John
No. The input stream may well be non-seekable, which means you can't just
reference a position in there. If you tell us what you're trying to do,
there might be further suggestions.
Uli
--
Sator Laser GmbH
Geschäftsführer: Thorsten Föcking, Amtsgericht Hamburg HR B62 932
> No. The input stream may well be non-seekable, which means you can't just
reference a position in there.
The input stream I wish to copy will always be seekable.

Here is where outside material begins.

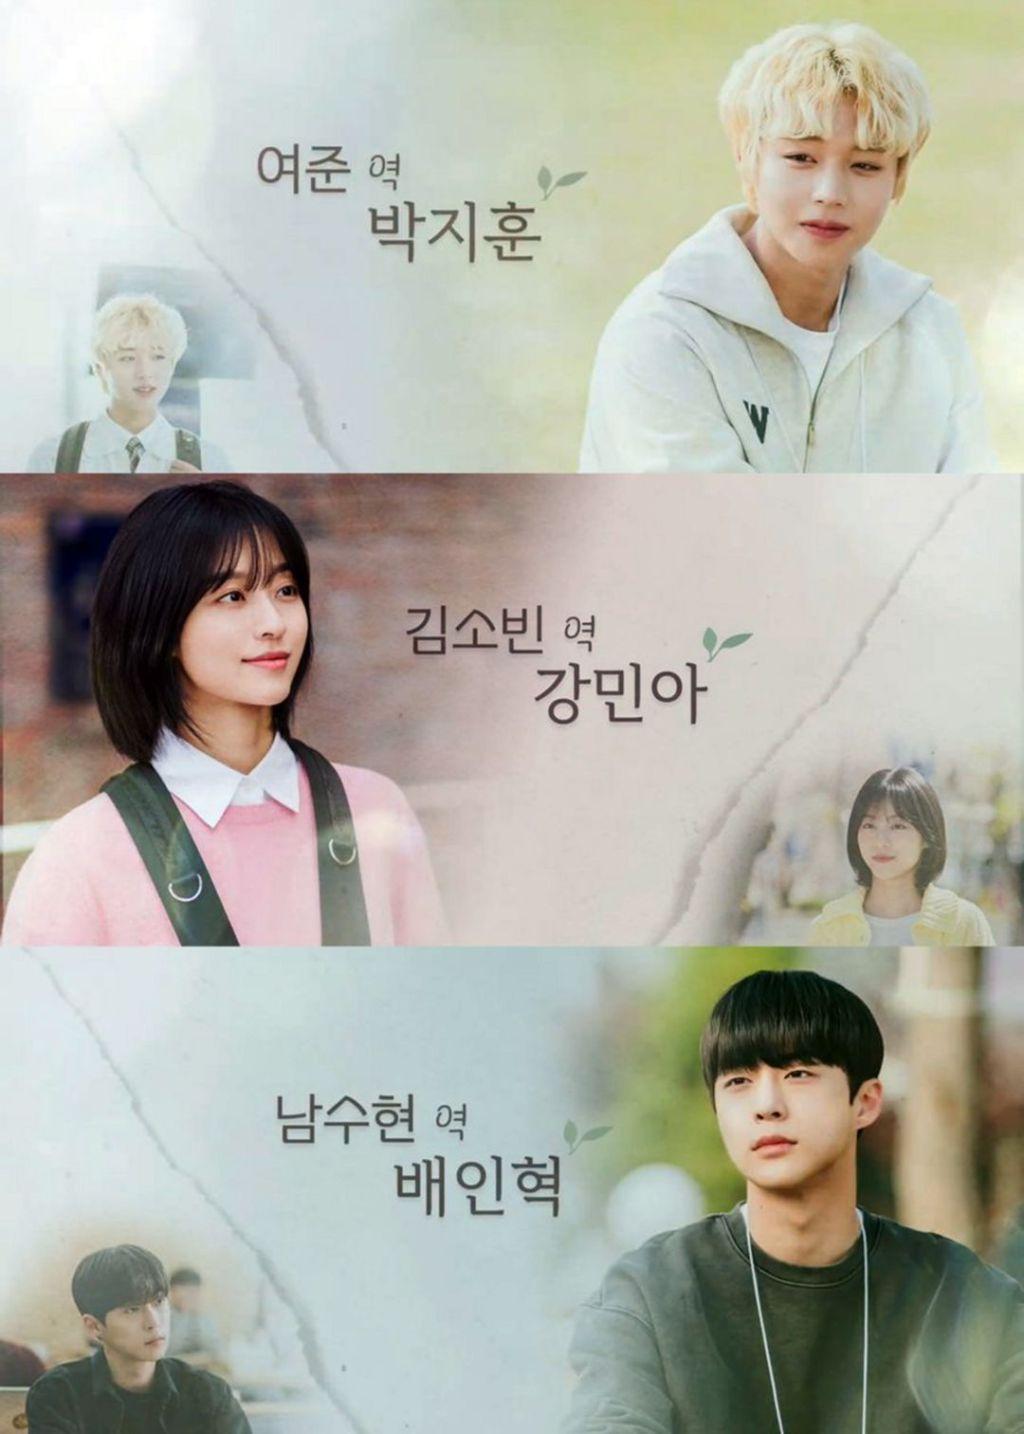 Sinopsis Dan Profil Lengkap Pemeran K-Drama Upcoming Blue Spring From A Distance (2021)

> If you tell us what you're trying to do, there might be further
suggestions.
I am modifying a language parser. I would like to bury the management of
tellg and seekg into a class.
John
Ah, now it's clear that the "input stream" you mean is the basic_istream type provided in the Standard C++ Library. istream,
ifstream and istrstream are already classes. Note that the iostreams are not part of STL; STL and iostreams are both part of the
Std C++ Lib, though.
I believe that if you use the same string pointer to construct two istrstreams, for instance, you'll get two independently-
traversing stream objects on the same underlying input string.
What do you really need?
Stephan T. Lavavej
Visual C++ Libraries Developer
"Scot T Brennecke" <Sc...@Spamhater.MVPs.org> wrote in message
news:uGZAYbWD...@TK2MSFTNGP04.phx.gbl...
> Note that the iostreams are not part of STL; STL and iostreams are both
part of the Std C++ Lib, though.
I knew that but it completely slipped my mind. What would be a more
appropriate newsgroup for this question?
> What do you really need?
Method rdbuf is what I was looking for.
John
I really meant that to be "FYI". I don't know of a better newsgroup than this one for this type of question.